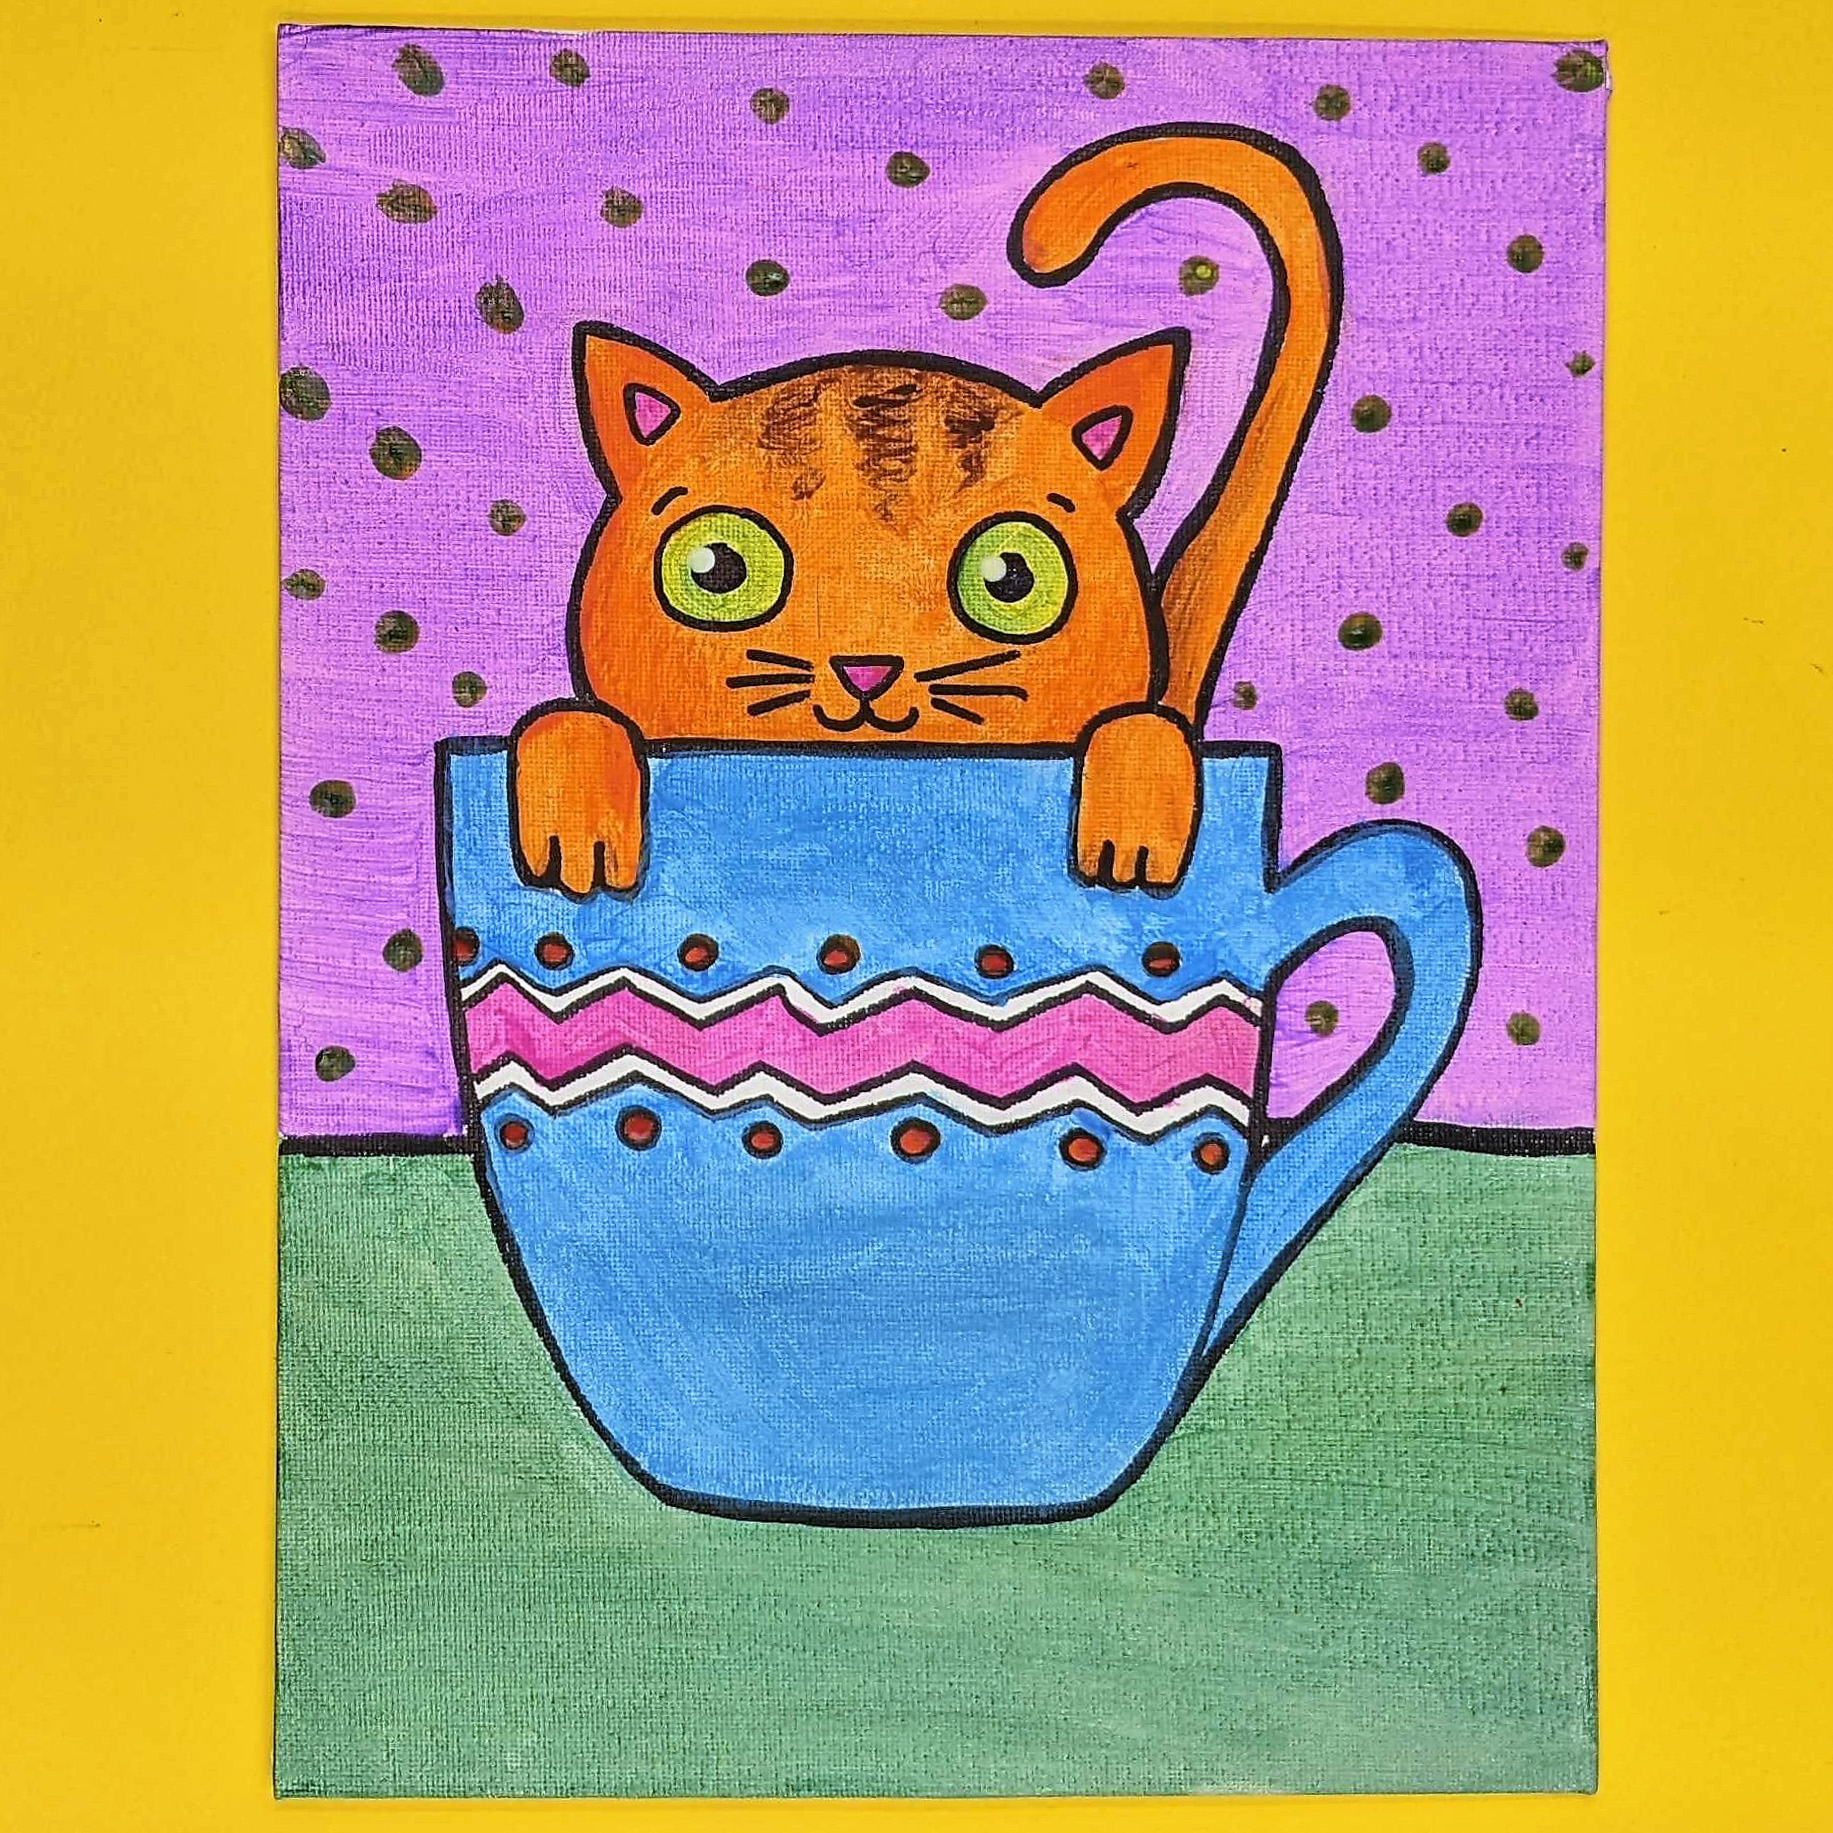 Kidcreate Studio - Alexandria, Teacup Kitten Art Project
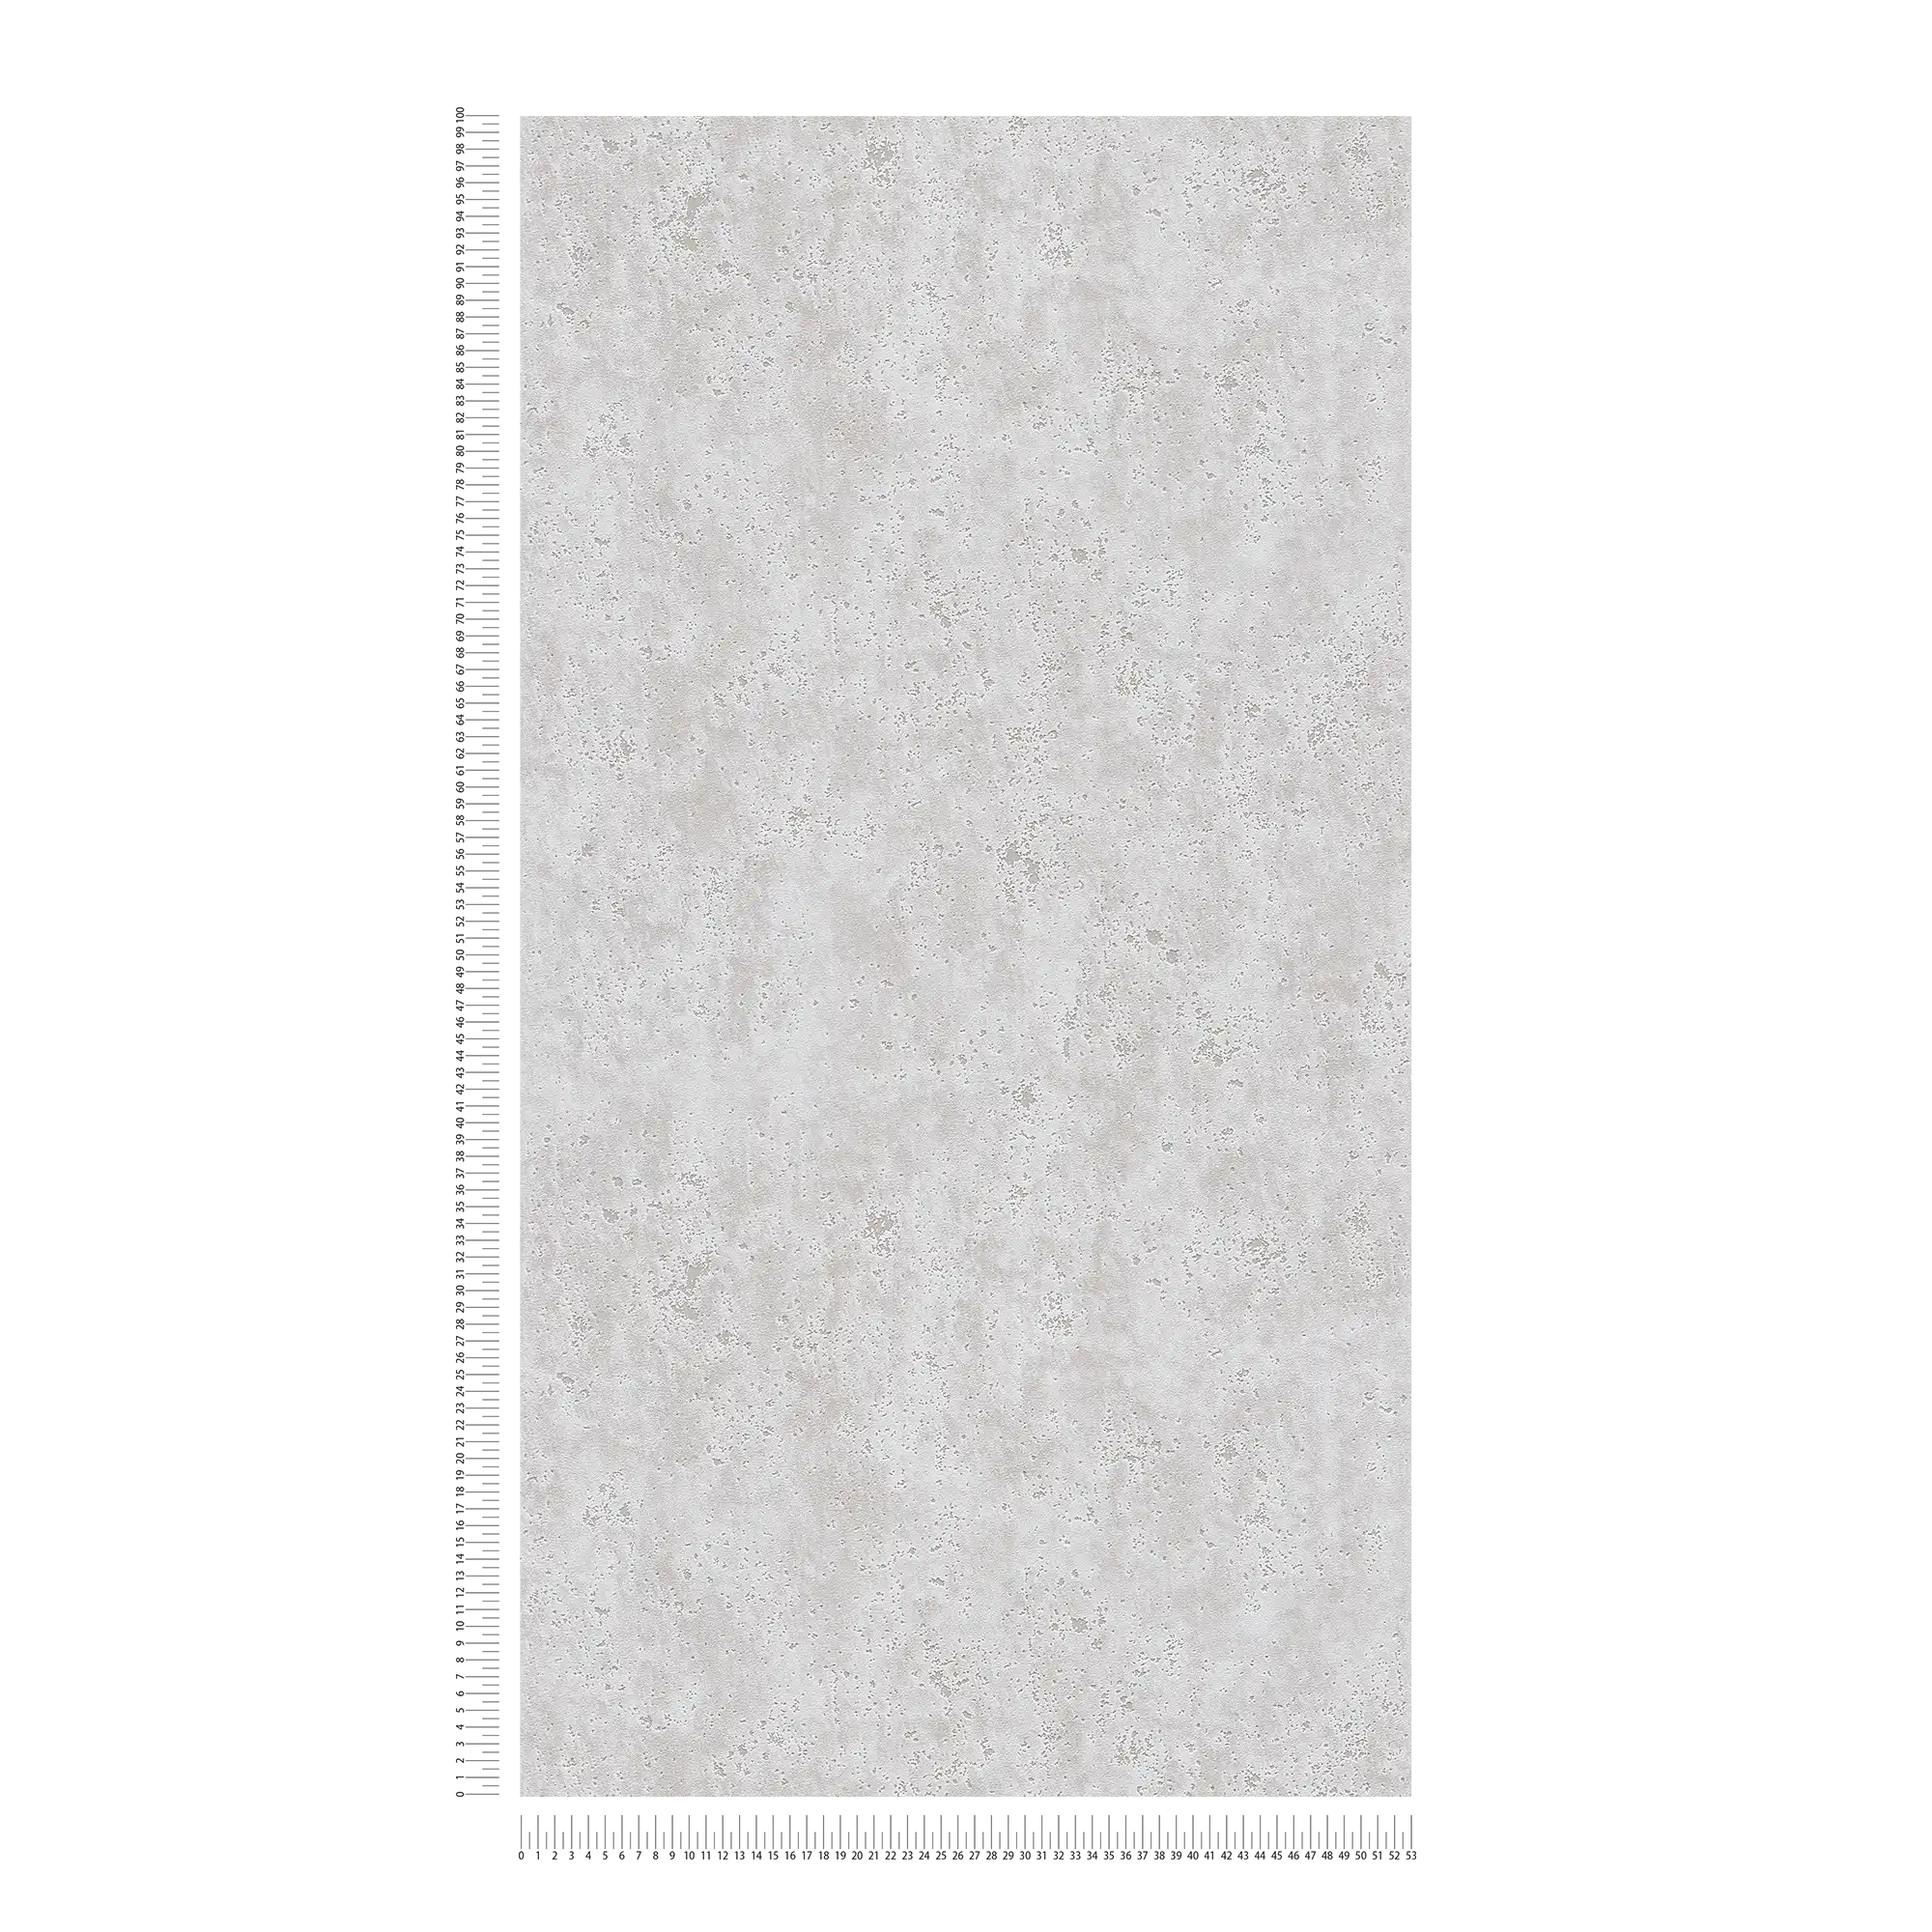             Carta da parati effetto cemento con colore e struttura superficiale - grigio
        
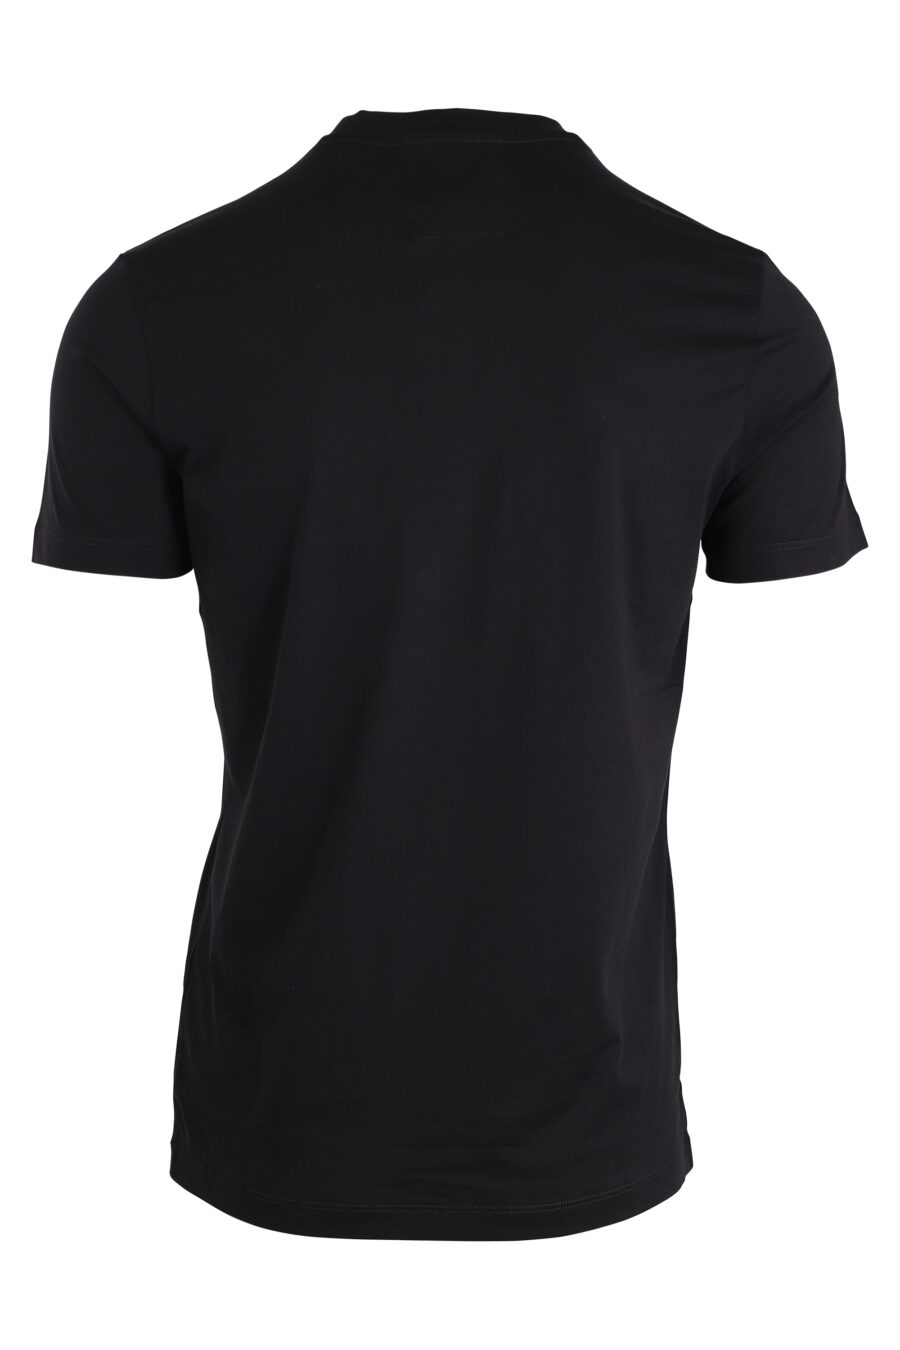 T-Shirt schwarz mit weißem Schriftzug maxilogo - IMG 4251
+---+
Copy all of the listing word for word, minus the images.

 Kidcreate Studio - Alexandria, Teacup Kitten Art Project
             Carta da parati effetto cemento con colore e struttura superficiale - grigio
        
 T-Shirt schwarz mit weißem Schriftzug maxilogo - IMG 4251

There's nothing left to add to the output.